S’ils s’inscrivent dans une séquence de baisse des taux de manière trop évidente, les marchés s’adapteront très, voire trop rapidement. Imaginons que Jerome Powell ou Christine Lagarde annonce une série régulière de baisse de taux pour 2024 et 2025. Les taux d’intérêt s’adapteraient rapidement, créant une dynamique d’expansion dans la distribution de crédit, une progression de la demande et une vague inflationniste dangereuse à endiguer par la suite par des mesures encore plus restrictives qu’auparavant.
Dans quelle mesure et à quelle vitesse réduire les taux d’intérêt ?

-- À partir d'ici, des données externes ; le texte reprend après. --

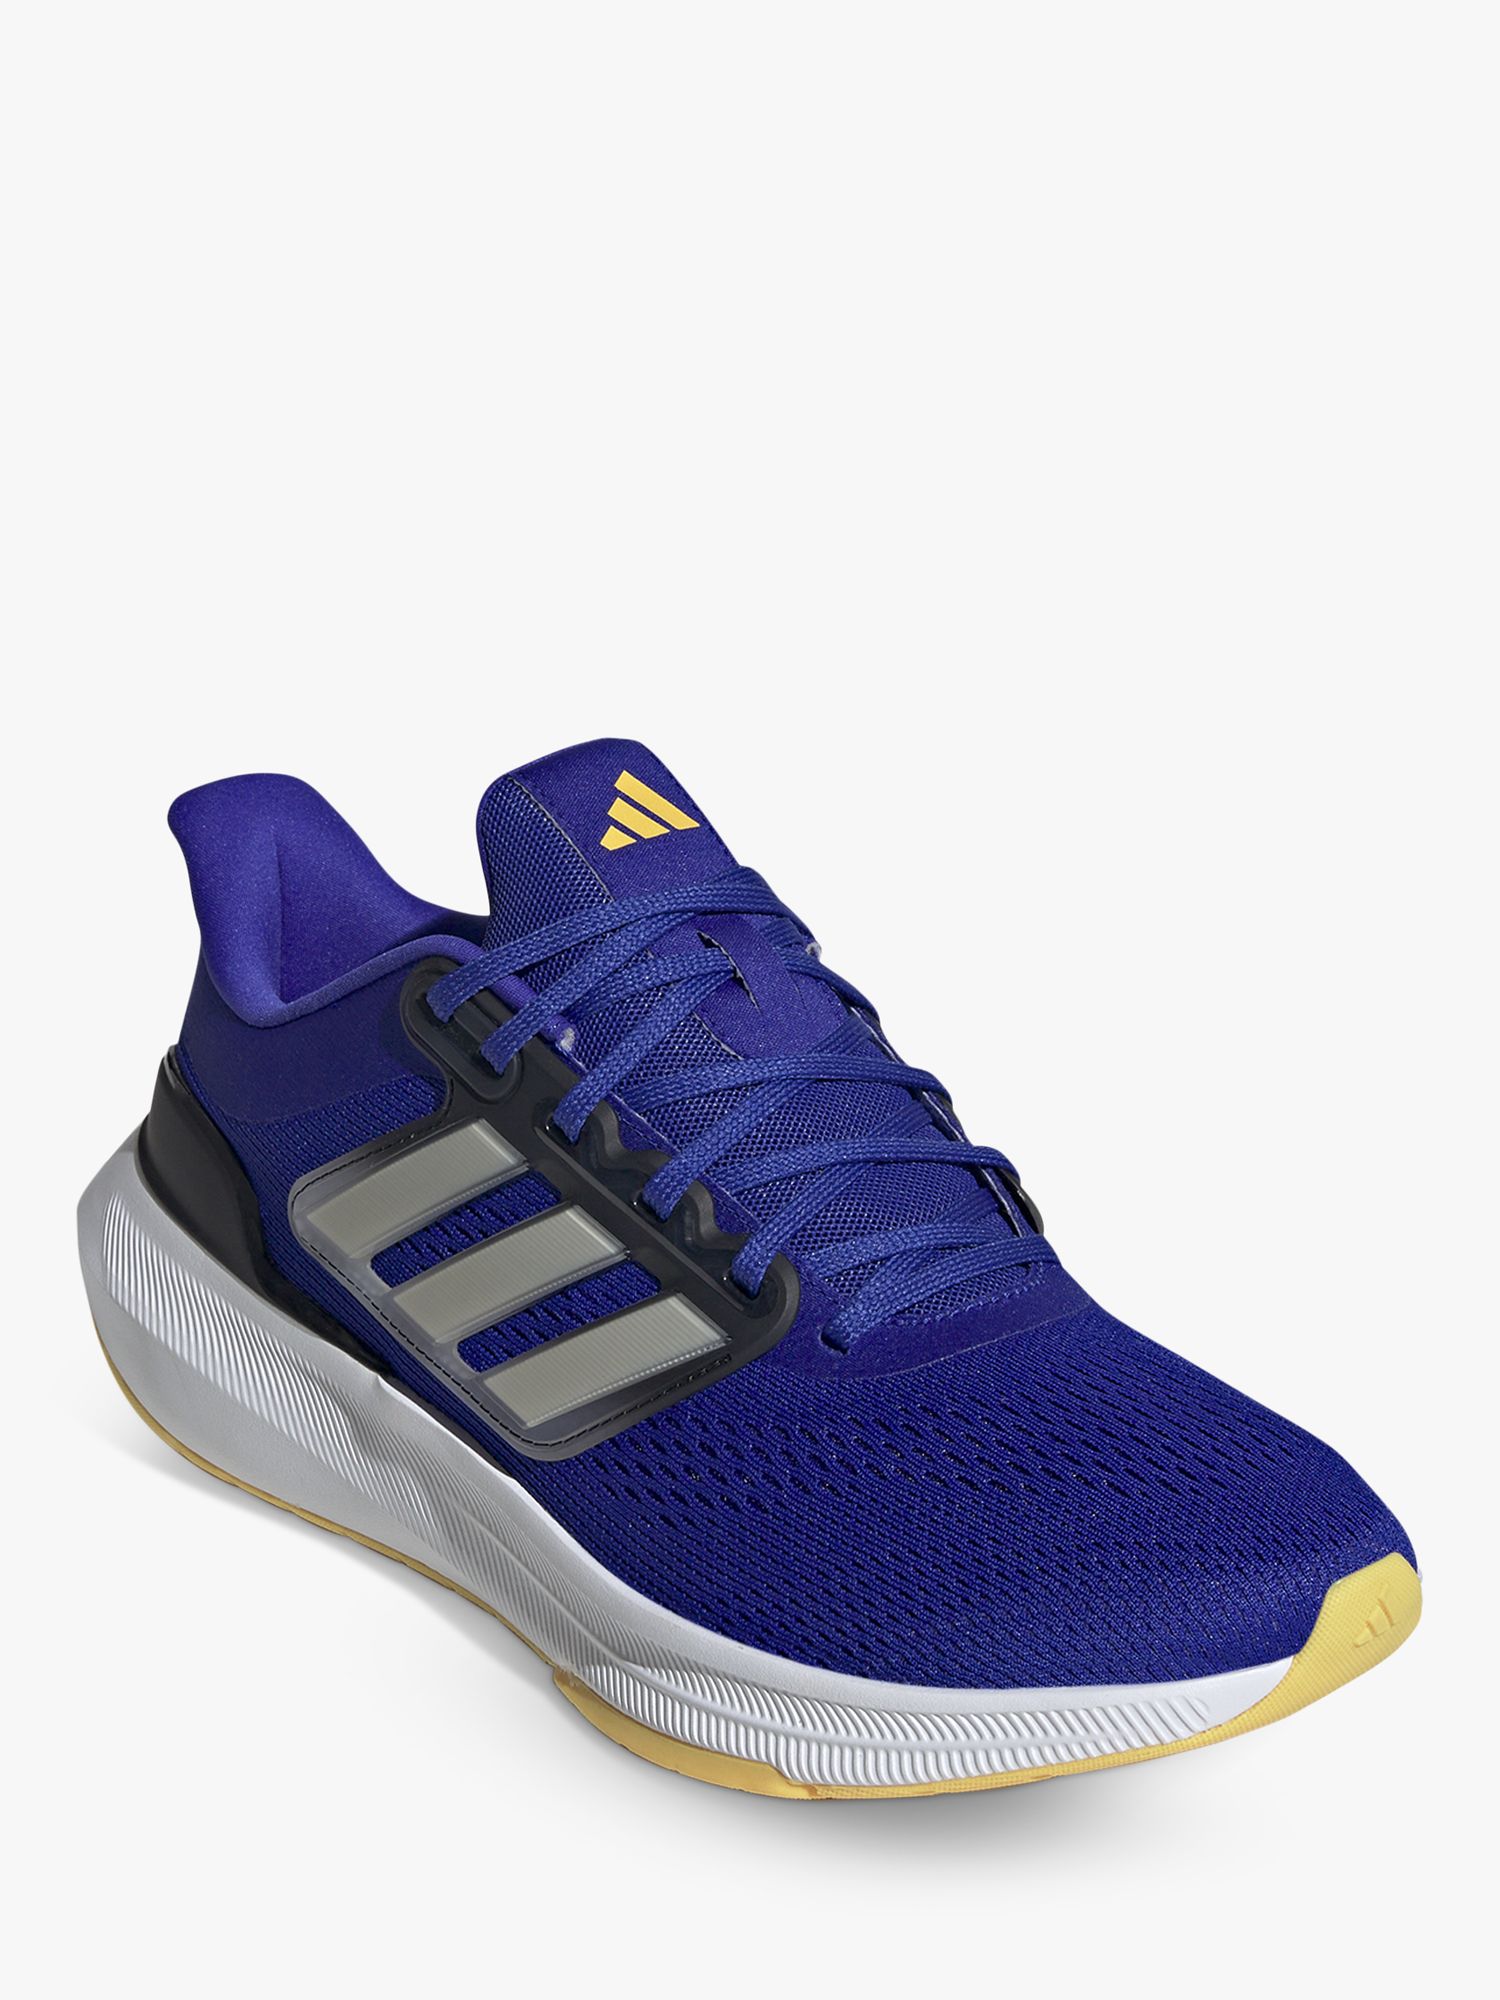 adidas Ultrabounce Men's Running Shoes, Lucid Blue/Grey, 7

Aux États-Unis et en Europe, la question est de savoir dans quelle mesure et à quelle vitesse réduire les taux d’intérêt. D’un côté, agir de manière excessive risque de générer une demande insoutenable entraînant une autre vague d’inflation ; de l’autre, une politique trop restrictive pourrait déclencher des risques systémiques pour certains acteurs les plus fragiles et amener un risque de déflation qui obligerait à revenir à des politiques non conventionnelles.

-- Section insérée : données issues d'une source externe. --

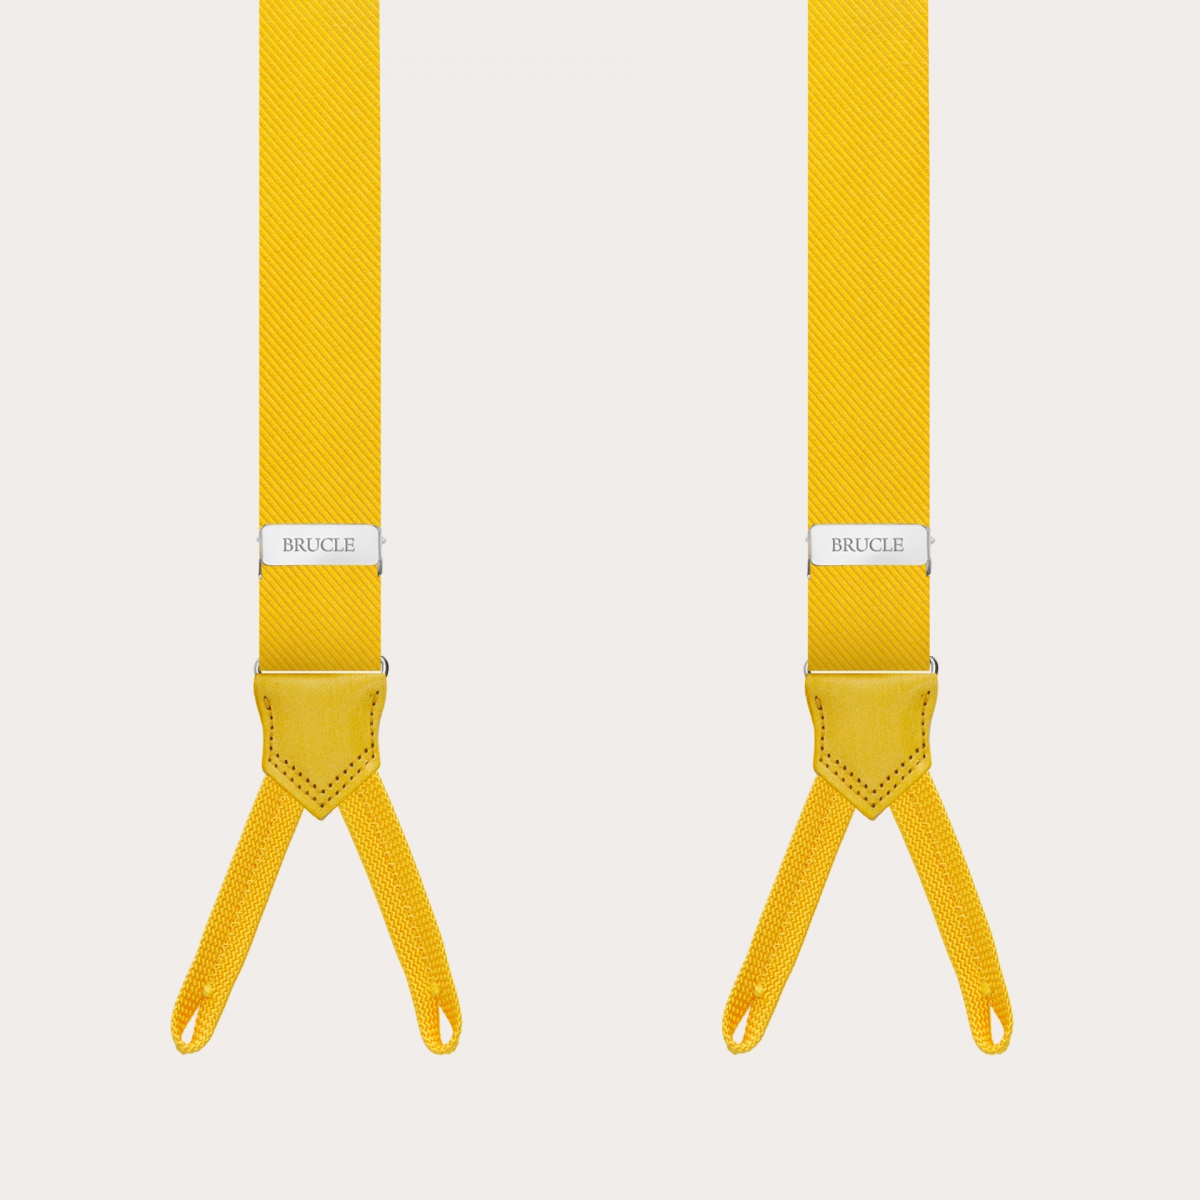 BRUCLE Bretelle gialle strette per bottoni in seta

Aux États-Unis, la Fed doit se sentir plus à l’aise avec la désinflation avant de pouvoir relâcher la pression qu’elle exerce. Il n’y a guère, à court terme, de signe de ralentissement économique fort et les dernières données sur l’inflation, bien qu’un soulagement, n’ont pas fourni beaucoup d’assurance que l’inflation se stabilise près de l’objectif des 2 %. Si suffisamment de preuves montrent que l’inflation diminue, la Fed peut assouplir la politique monétaire avec peu de risques, mais il n’y a également guère de danger à attendre jusqu’à l’automne.
Indicateurs avancés US
Sources : Bloomberg, Groupe Richelieu
L’Europe a besoin de stimulation. L’inflation a diminué régulièrement et, selon les prévisions, les pressions salariales dans la zone euro diminuent également comme prévu. Le principal risque en Europe est que la politique monétaire reste trop stricte et compromette une nécessaire reprise de la demande vers les tendances pré-pandémiques. La BCE devrait suivre l’exemple de la Suède et de la Suisse et commencer un programme de réduction des taux. Elle a indiqué qu’elle ferait le premier pas dans quelques semaines. Il serait sage de continuer après cette première échéance.

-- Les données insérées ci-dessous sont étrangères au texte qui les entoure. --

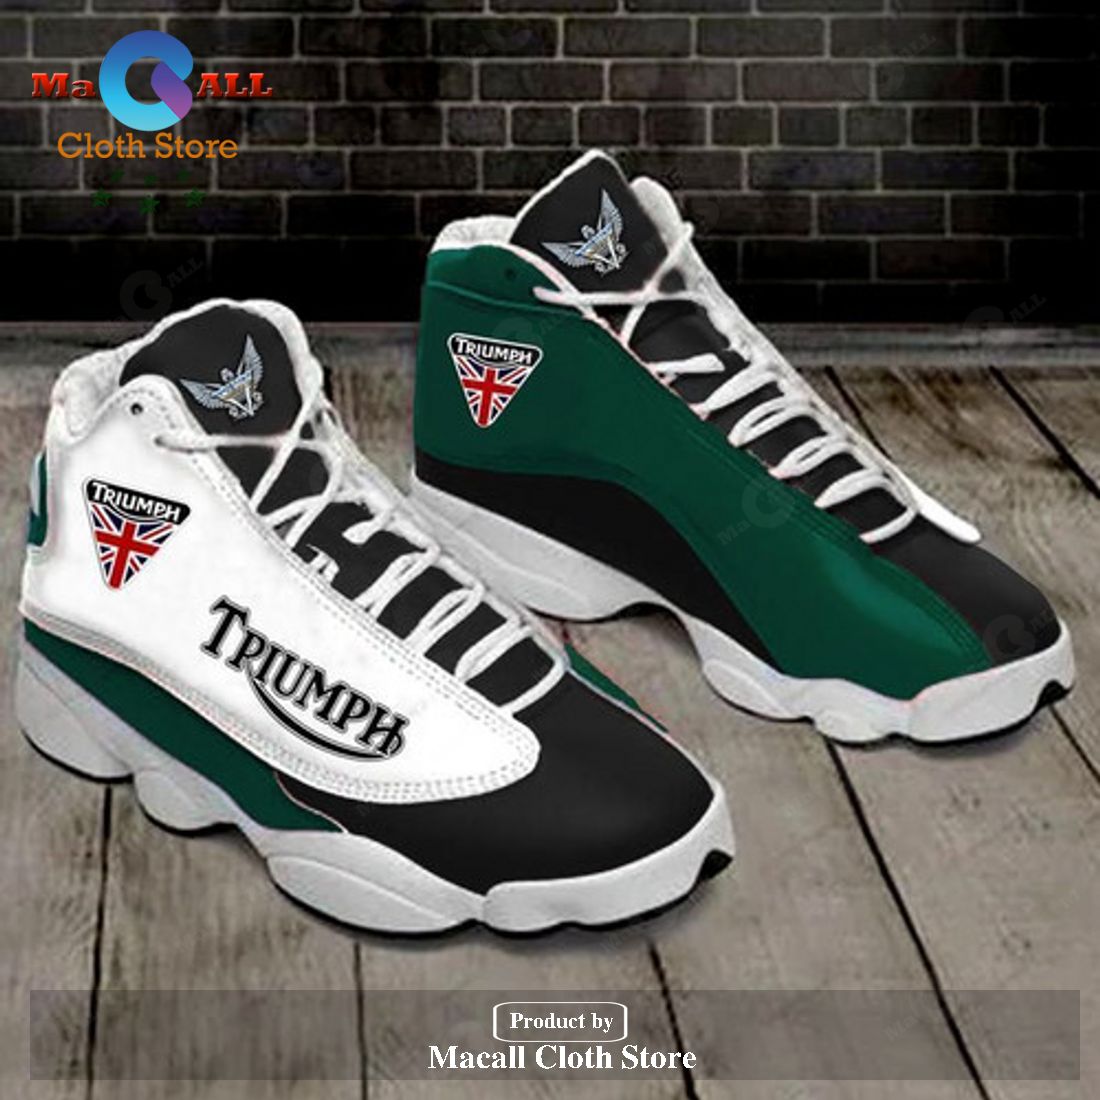 Triumph Air Jordan 13 Sneakers - Motor sneakers Gift Shoes For Fan POD ...

Historique des estimations Bloomberg des croissances économiques sur 2024
Sources : Bloomberg, Groupe Richelieu
La BCE devrait s’inscrire dans une séquence de baisse de taux et donner une visibilité. À l’inverse, la FED doit garder un équilibre entre l’espérance de baisse des taux et la crainte d’une attitude moins accommodante pour s’affranchir de mouvements qui créeraient les conditions propices à une autre vague d’inflation. Cette dernière devra créer un doute permanent sur la possibilité d’une hausse de taux.
Taux des principales banques centrales
Sources : Bloomberg, Groupe Richelieu
Bien que l’histoire ait montré que les BCE et FED fonctionnaient en tandem, il n’y a aucune raison cette fois-ci que la BCE n’agisse pas de manière indépendante (des gouvernements et de la Fed).